Mario Monti, Italy’s new prime minister, appointed a government without a single politician on Wednesday, forming a technical administration which faces the daunting challenge of preventing the country from being dragged deeper into the euro zone debt crisis.
The emergency administration, which is meant to govern Italy until elections are due in 2013, is made up of bankers, lawyers and university professors but not a single elected official – an extraordinary development for a Western democracy.
But it is a deal that much of the electorate and nearly all the mainstream parties have signed up to, in order to save Italy from the economic abyss by trimming the country’s bloated bureaucracy, slashing its 1.9 trillion euro debt and unleashing its economic potential after years of stagnation.

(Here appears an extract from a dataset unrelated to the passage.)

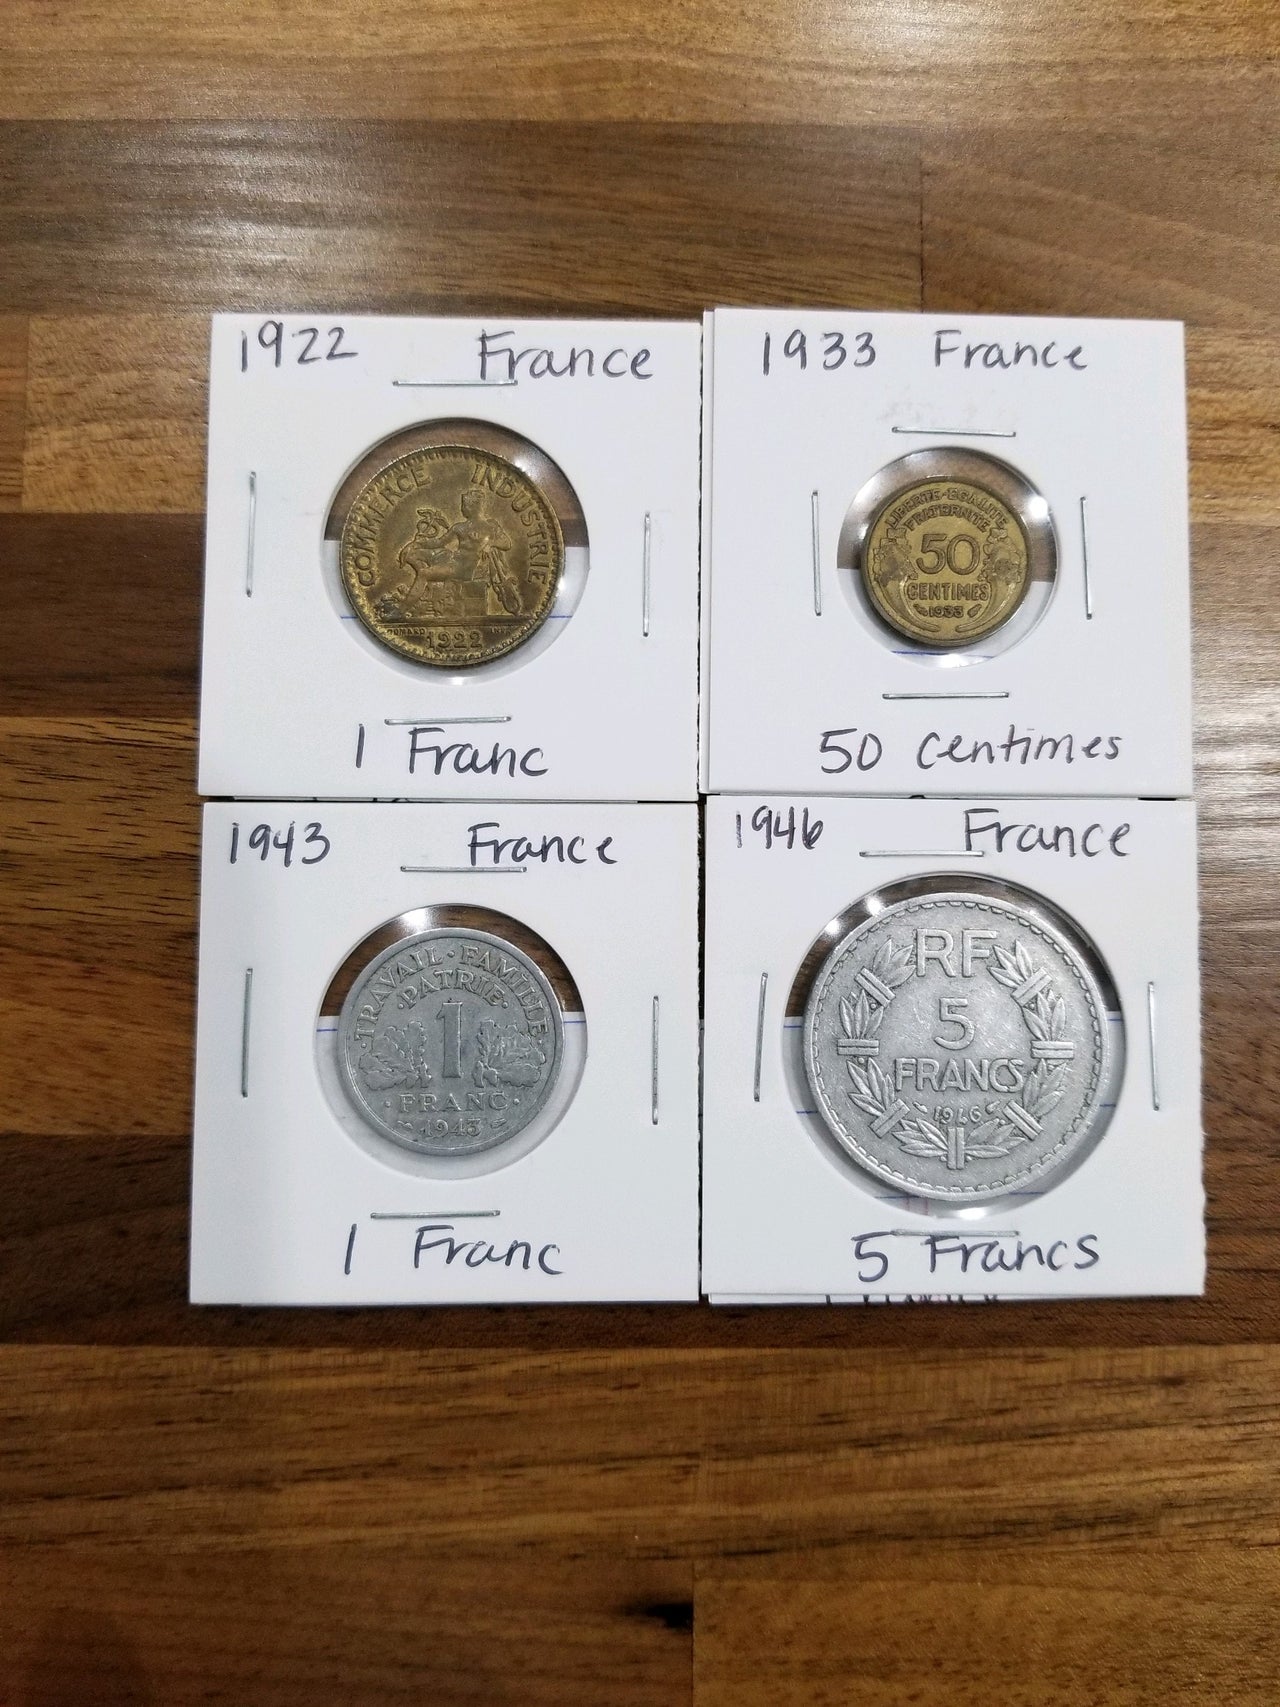 WW2 France coins.jpeg

Almost none of the new appointees was familiar to the average man or woman in the street – a fact that some Italians hailed as the new administration’s chief strength, saying it was above party politics and untainted by any links to the discredited centre-Right government of Silvio Berlusconi or the weak and divided centre-Left opposition. Italy has a track record of appointing ‘technical’ governments during periods of political paralysis and party deadlock.
Mr Monti said that after talks with the country’s big parties, he had decided that “the non-presence of politicians in the government would help it.”
He and his ministers were sworn in at a ceremony at the Quirinale Palace, a former papal residence that is now used by Italy’s presidents, bringing a formal end to Mr Berlusconi’s three year government and the 17 years in which he dominated the country’s political arena.
The new government’s task is to implement a package of austerity measures and public spending cuts which were passed by parliament in the dying days of Mr Berlusconi’s government.